A few weeks ago, a federal judge in Virginia gave us the highest award yet for a First Amendment victory, $2 million in fees. Now has that loss influenced the clerks who fight against access?
Not one bit. They stick to their faith in a bureaucratic religion that has taken hold among a broad swath of state court clerks, especially those who are political in the sense that they like to be on committees.
Their doctrine is simple. It came out of a series of conclaves called in Williamsburg by the Conference of State Court Administrators in the middle of the last decade.
What the Williamsburg conclaves revealed was a doctrinal schism, not entirely unlike those that emerge in a nascent religion, between those who give the press and public on-receipt access to electronic court records and those who deny it.
Out of the conclaves, the doctrine that emerged as the true path of the bureaucratic faithful was called “practical obscurity.” This branch of the faith holds that paper court records were hard to find in practice so access to electronic records should be restricted. If that logic seems nutty, it is because logic is not a factor in matters of faith.
The doctrine has been remarkably pervasive among state courts, flipping court committees that once adhered to First Amendment principles over to official cabals muttering over a complex matrix of restrictions.
A break-away group of state courts, however, has since returned to the original teachings of the First Amendment. Courts in eight states now provide on-receipt electronic access to newly filed court records, following the old tenets still kept in the federal courts.
Reason has been shown to be unpersuasive for those on the Restrictionist side of the great schism. But so too has a multimillion-dollar fee award. So if a hammer blow to his budget cannot convince a clerk to move away from the Restrictionist path, what can.
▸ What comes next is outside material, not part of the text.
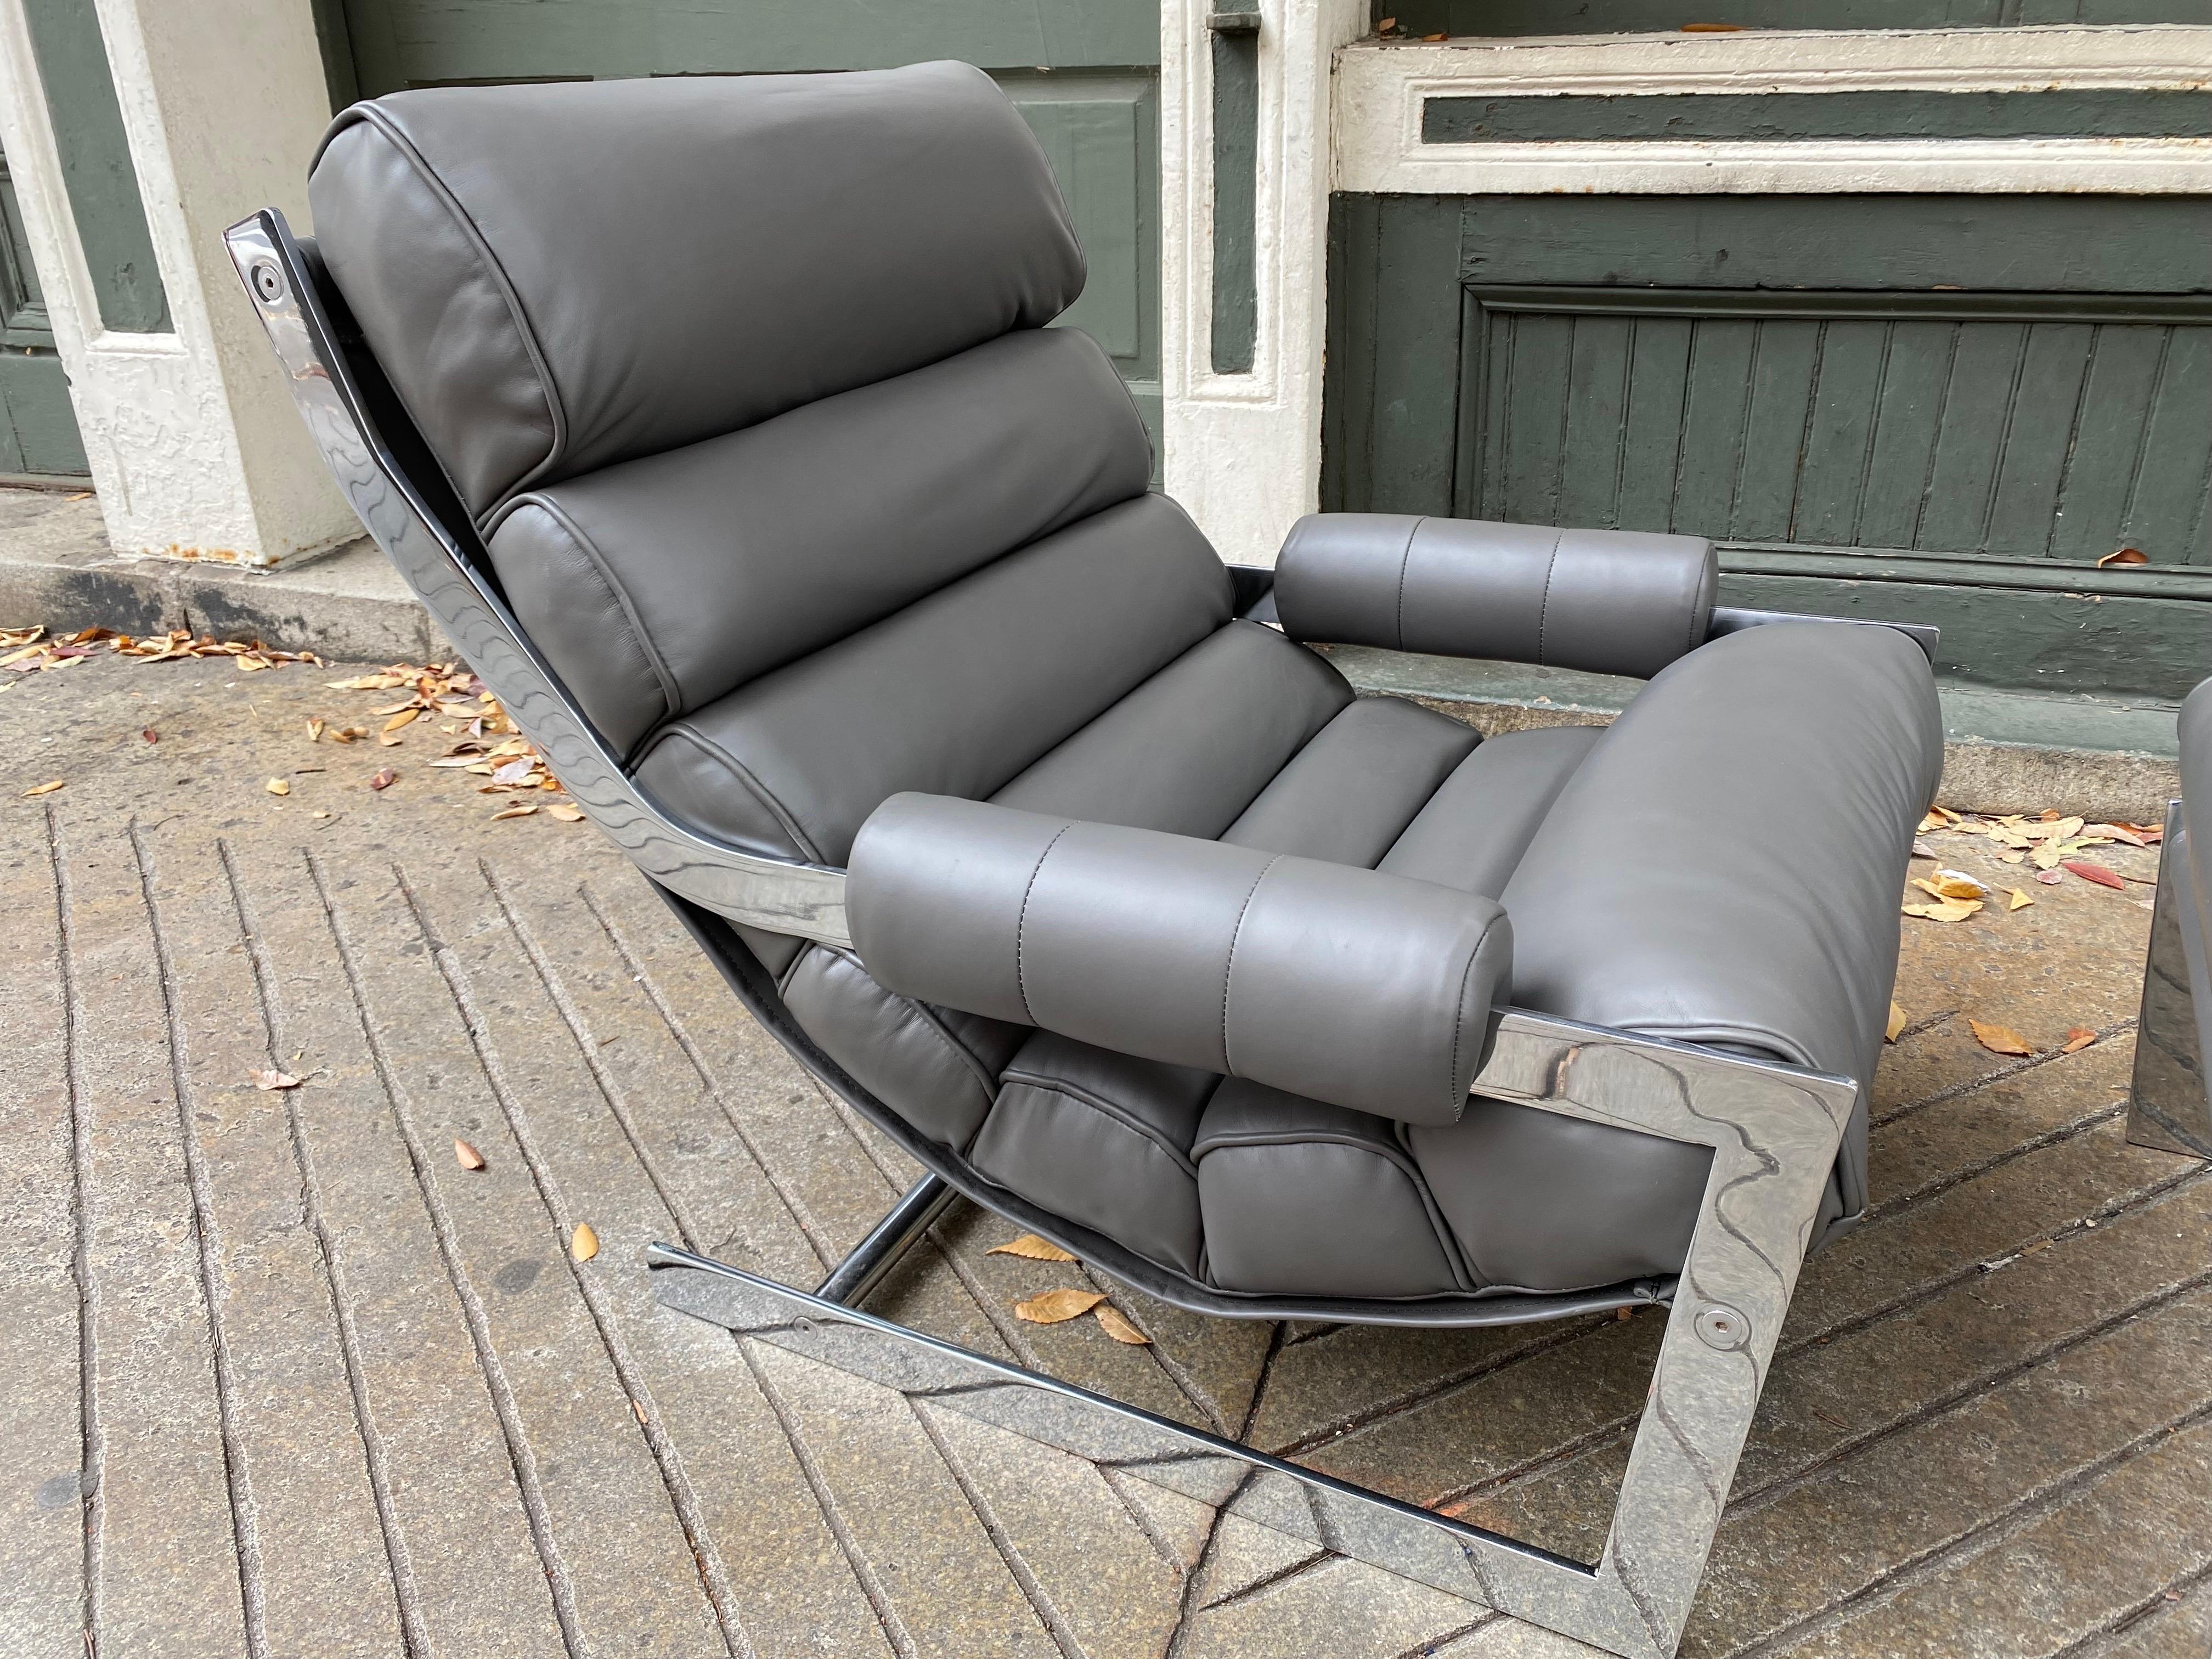 Low Sleek Flat-Band Chrome Lounge Chair and Ottoman.  Newly re-done in a dark gray leather.  Chrome is in amazing condition!  Milo Baughman meets Gilbert Rohde!  Have seen this chair listed before but no definitive designer or maker found.

State court administrative offices, operating under the aegis of the state’s chief justice, will almost never move them. In none of our eight cases has a state administrative office intervened to support press access.
In California, as in other states, it has been the opposite. The administrative office bankrolls the clerk’s private-firm defense and does no more than wave a hand towards settlement.
And what about the legislatures. We tried that in Colorado. The Legislature wound up taking over the e-filing system because Colorado could save money that way. But, perversely, the politicians left public access in the hands of the very vendor they had just disenfranchised. They cared not a whit about access to public records.
So who is left. Well, the only folks left to control the state clerks directly — before they start tapping the public bank account to pursue Restrictionism — are the presiding judges.
So it is that we in the press could use some help from presiding judges who have indeed, in some state courts, intervened to enforce First Amendment access. But where they wave the matter off to the clerk, which is more common, that powerful civil servant will most times start tapping the public account in the name of Restrictionism.
And by the time the fight gets into federal court, the spigot is open wide and the public’s precious coins are draining away. So on behalf of the public and the press, I am asking the presiding judges of state courts, those who have not already done so, to get their clerks under control.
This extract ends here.